**YOUR OBJECTIVE**
Word for word, copy the line that contains "滑雪网站滑雪场内页图片" and each line after it in the data below. Pictures stay out of the copy.

**THE DATA**
╭──
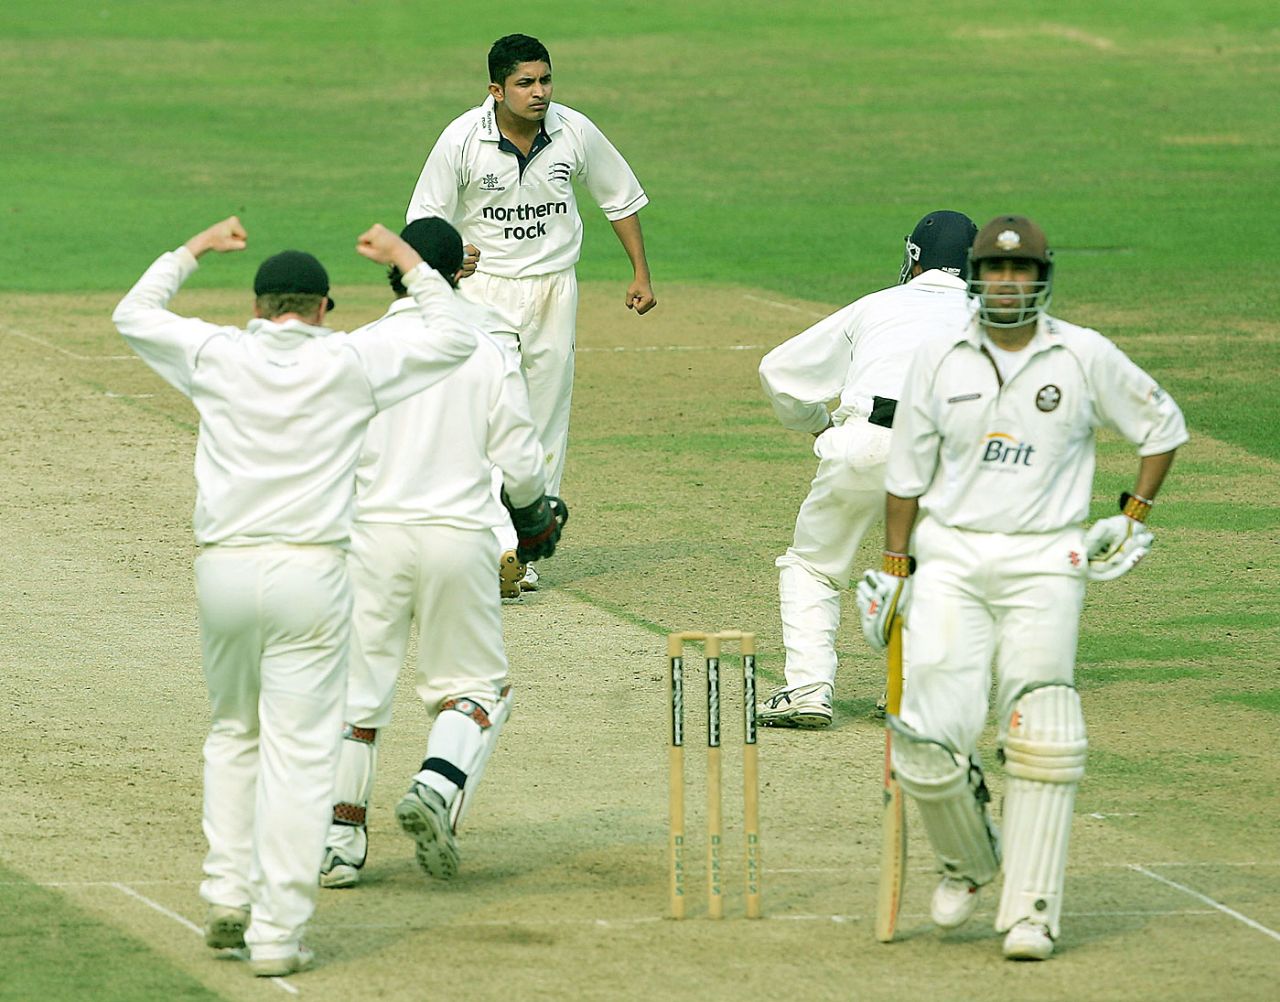 Yogesh Golwalkar celebrates after taking a wicket, Surrey v Middlesex, The Oval, September 22, 2005
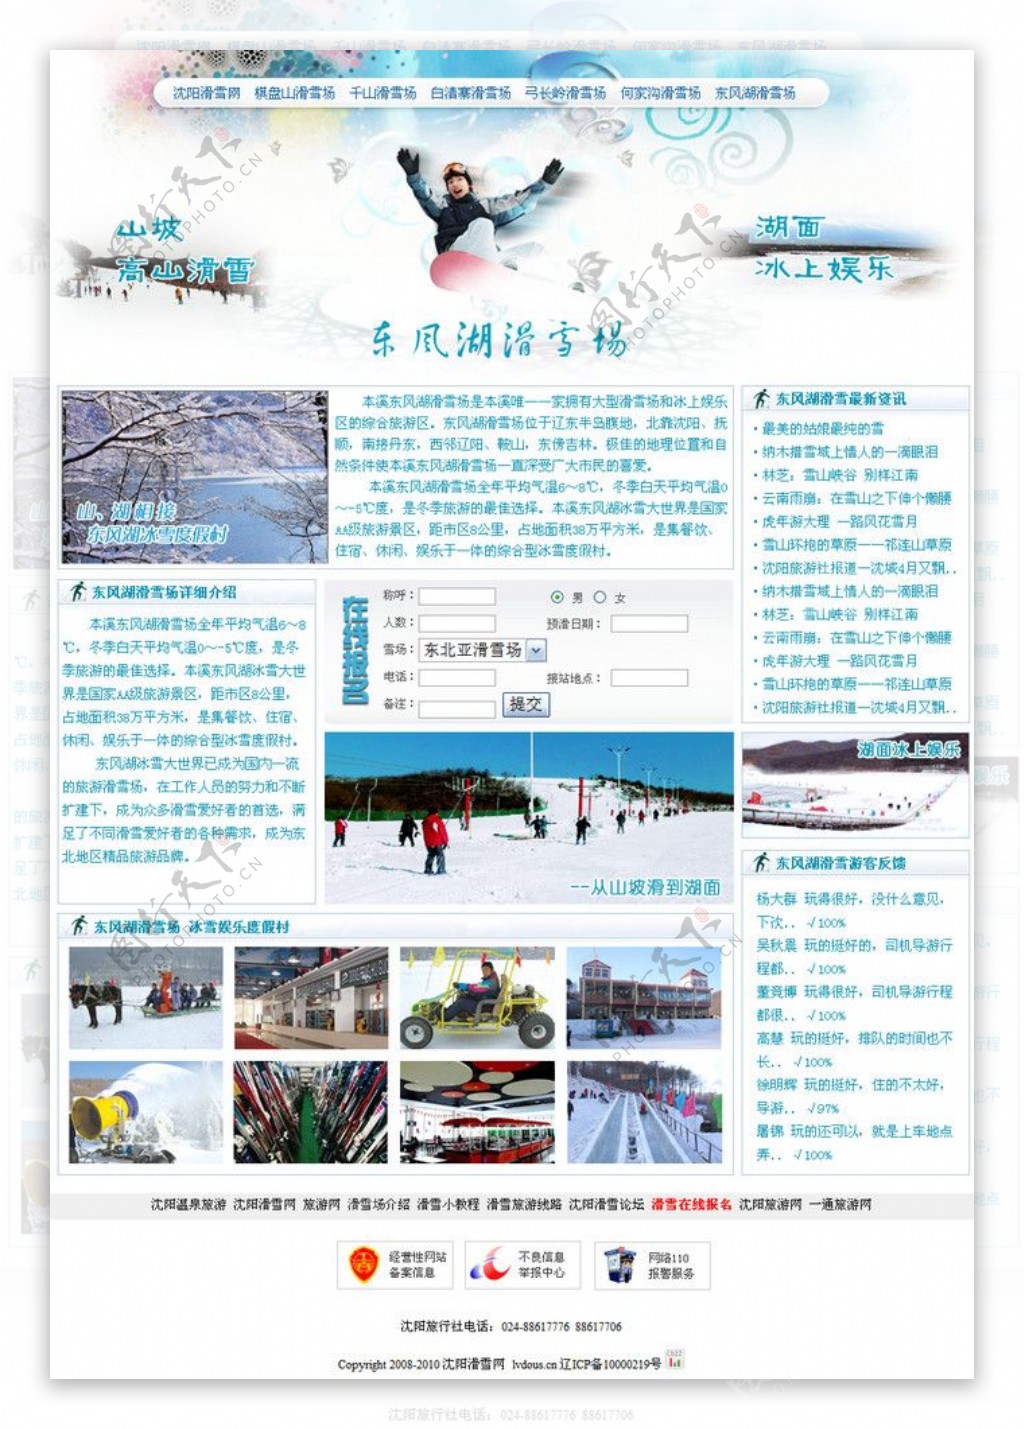 滑雪网站滑雪场内页图片
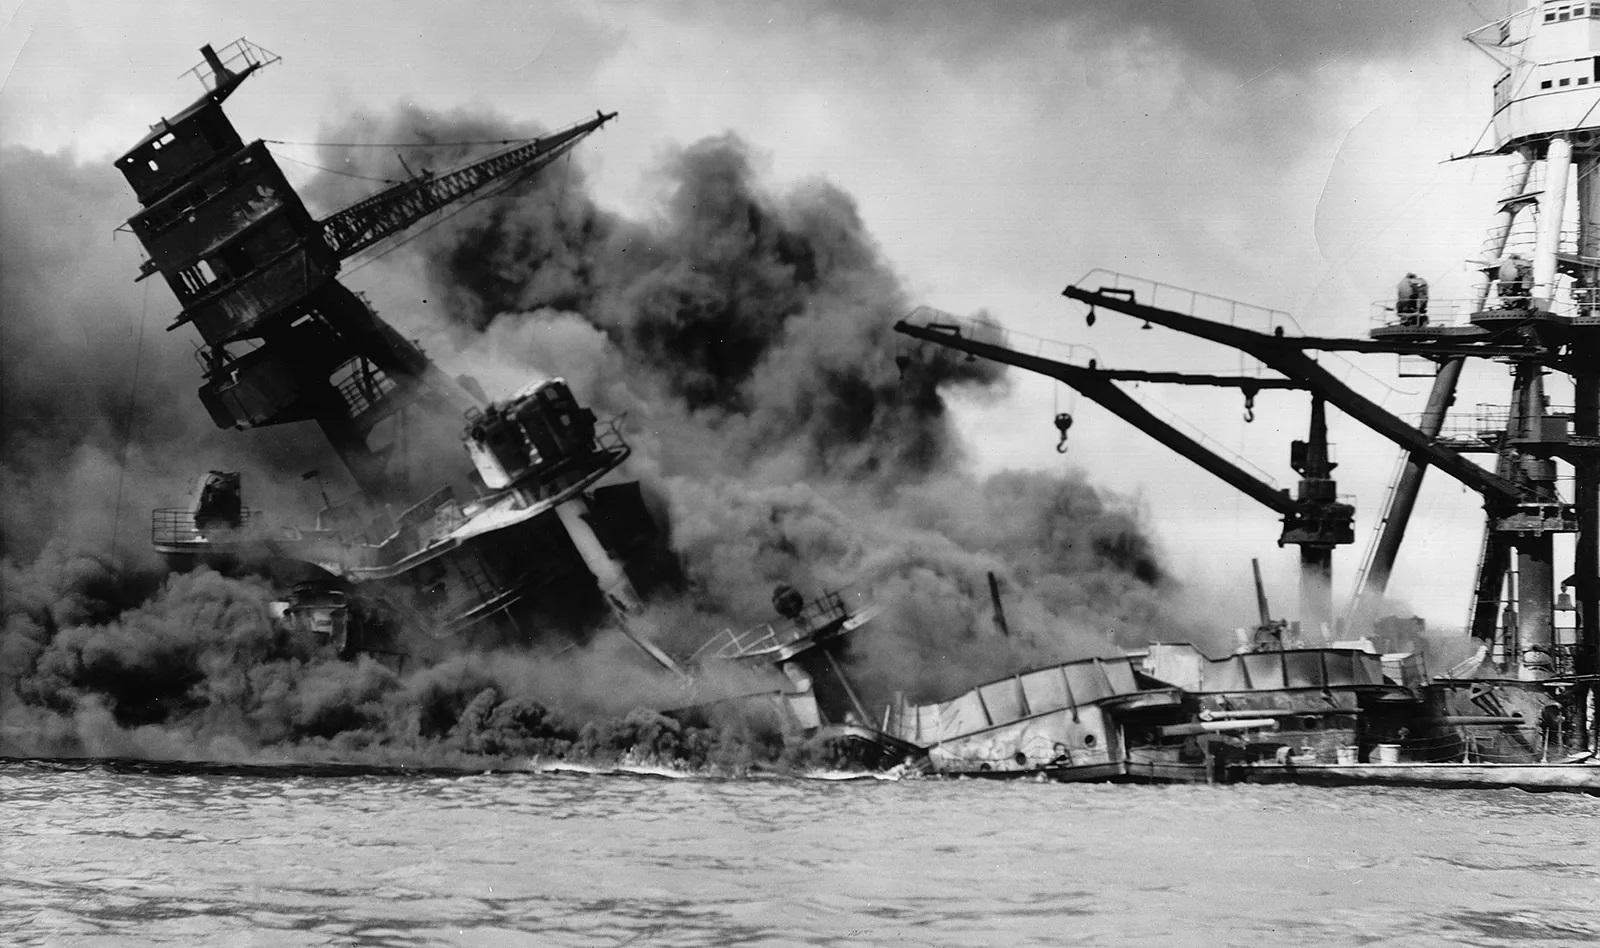 battleship-attack-Pearl-Harbor-Japanese-Hawaii-December-7-1941.jpg
╰──
**RESPONSE TO THE EXERCISE**
 滑雪网站滑雪场内页图片
 battleship-attack-Pearl-Harbor-Japanese-Hawaii-December-7-1941.jpg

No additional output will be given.